Goodbye Mr. Chips Read online

Page 2


  He had never met anyone like her. He had always thought that the modern type, this "new woman" business, would repel him; and here she was, making him positively look forward to the glimpse of her safety bicycle careering along the lakeside road. And she, too, had never met anyone like him. She had always thought that middle-aged men who read the Times and disapproved of modernity were terrible bores; yet here he was, claiming her interest and attention far more than youths of her own age. She liked him, initially, because he was so hard to get to know, because he had gentle and quiet manners, because his opinions dated from those utterly impossible seventies and eighties and even earlier--yet were, for all that, so thoroughly honest; and because--because his eyes were brown and he looked charming when he smiled. "Of course, I shall call you Chips, too," she said, when she learned that was his nickname at school.

  Within a week they were head over heels in love; before Chips could walk without a stick, they considered themselves engaged; and they were married in London a week before the beginning of the autumn term.

  5

  When Chips, dreaming through the hours at Mrs. Wickett's, recollected those days, he used to look down at his feet and wonder which one it was that had performed so signal a service. That, the trivial cause of so many momentous happenings, was the one thing of which details evaded him. But he resaw the glorious hump of the Gable (he had never visited the Lake District since), and the mouse-gray depths of Wastwater under the Screes; he could resmell the washed air after heavy rain, and refollow the ribbon of the pass across to Sty Head. So clearly it lingered, that time of dizzy happiness, those evening strolls by the waterside, her cool voice and her gay laughter. She had been a very happy person, always.

  They had both been so eager, planning a future together; but he had been rather serious about it, even a little awed. It would be all right, of course, her coming to Brookfield; other housemasters were married. And she liked boys, she told him, and would enjoy living among them. "Oh, Chips, I'm so glad you are what you are. I was afraid you were a solicitor or a stockbroker or a dentist or a man with a big cotton business in Manchester. When I first met you, I mean. Schoolmastering's so different, so important, don't you think? To be influencing those who are going to grow up and matter to the world . . ."

  Chips said he hadn't thought of it like that--or, at least, not often. He did his best; that was all anyone could do in any job.

  "Yes, of course, Chips. I do love you for saying simple things like that."

  And one morning--another memory gem-clear when he turned to it--he had for some reason been afflicted with an acute desire to depreciate himself and all his attainments. He had told her of his only mediocre degree, of his occasional difficulties of discipline, of the certainty that he would never get a promotion, and of his complete ineligibility to marry a young and ambitious girl. And at the end of it all she had laughed in answer.

  She had no parents and was married from the house of an aunt in Ealing. On the night before the wedding, when Chips left the house to return to his hotel, she said, with mock gravity: "This is an occasion, you know--this last farewell of ours. I feel rather like a new boy beginning his first term with you. Not scared, mind you--but just, for once, in a thoroughly respectful mood. Shall I call you 'sir'--or would 'Mr. Chips' be the right thing? 'Mr. Chips,' I think. Good-bye, then--good-bye, Mr. Chips. . . ."

  (A hansom clop-clopping in the roadway; green-pale gas lamps flickering on a wet pavement; newsboys shouting something about South Africa; Sherlock Holmes in Baker Street.)
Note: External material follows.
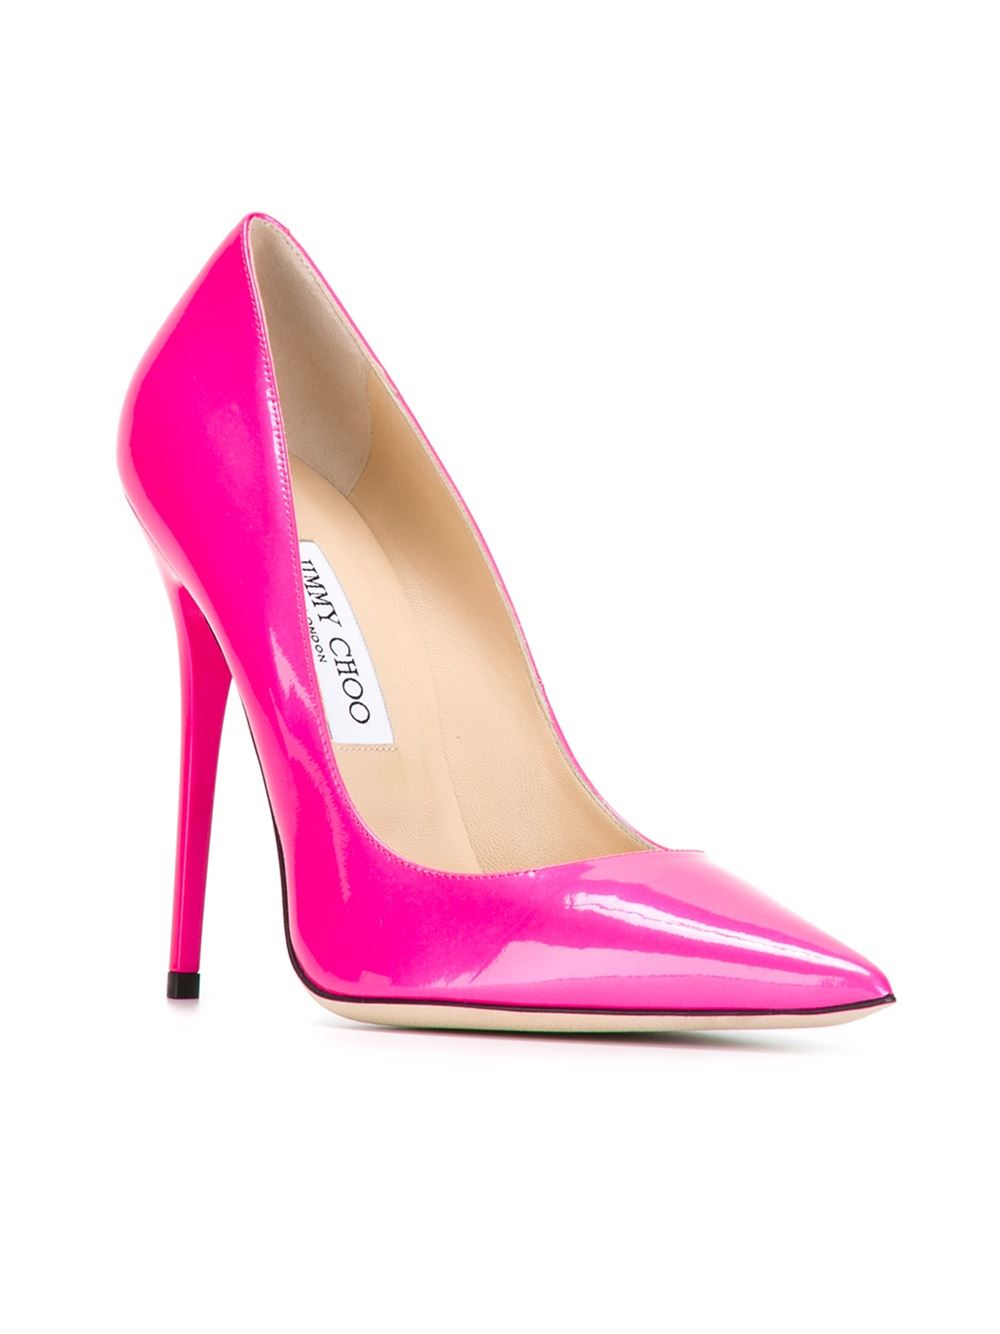 Jimmy choo Anouk Patent-Leather Pumps in Pink (pink & purple) | Lyst

  "Good-bye, Mr. Chips. . . ."

  6

  There had followed then a time of such happiness that Chips, remembering it long afterward, hardly believed it could ever have happened before or since in the world. For his marriage was a triumphant success. Katherine conquered Brookfield as she had conquered Chips; she was immensely popular with boys and masters alike. Even the wives of the masters, tempted at first to be jealous of one so young and lovely, could not long resist her charms.

  But most remarkable of all was the change she made in Chips. Till his marriage he had been a dry and rather neutral sort of person; liked and thought well of by Brookfield in general, but not of the stuff that makes for great popularity or that stirs great affection. He had been at Brookfield for over a quarter of a century, long enough to have established himself as a decent fellow and a hard worker; but just too long for anyone to believe him capable of ever being much more. He had, in fact, already begun to sink into that creeping dry rot of pedagogy which is the worst and ultimate pitfall of the profession; giving the same lessons year after year had formed a groove into which the other affairs of his life adjusted themselves with insidious ease. He worked well; he was conscientious; he was a fixture that gave service, satisfaction, confidence, everything except inspiration.

  And then came this astonishing girl-wife whom nobody had expected--least of all Chips himself. She made him, to all appearances, a new man; though most of the newness was really a warming to life of things that were old, imprisoned, and unguessed. His eyes gained sparkle; his mind, which was adequately if not brilliantly equipped, began to move more adventurously. The one thing he had always had, a sense of humor, blossomed into a sudden richness to which his years lent maturity. He began to feel a greater sureness; his discipline improved to a point at which it could become, in a sense, less rigid; he became more popular. When he had first come to Brookfield he had aimed to be loved, honored, and obeyed--but obeyed, at any rate. Obedience he had secured, and honor had been granted him; but only now came love, the sudden love of boys for a man who was kind without being soft, who understood them well enough, but not too much, and whose private happiness linked them with their own. He began to make little jokes, the sort that schoolboys like--mnemonics and puns that raised laughs and at the same time imprinted something in the mind. There was one that never failed to please, though it was only a sample of many others. Whenever his Roman History forms came to deal with the Lex Canuleia, the law that permitted patricians to marry plebeians, Chips used to add: "So that, you see, if Miss Plebs wanted Mr. Patrician to marry her, and he said he couldn't, she probably replied: 'Oh yes, you can, you liar!'" Roars of laughter.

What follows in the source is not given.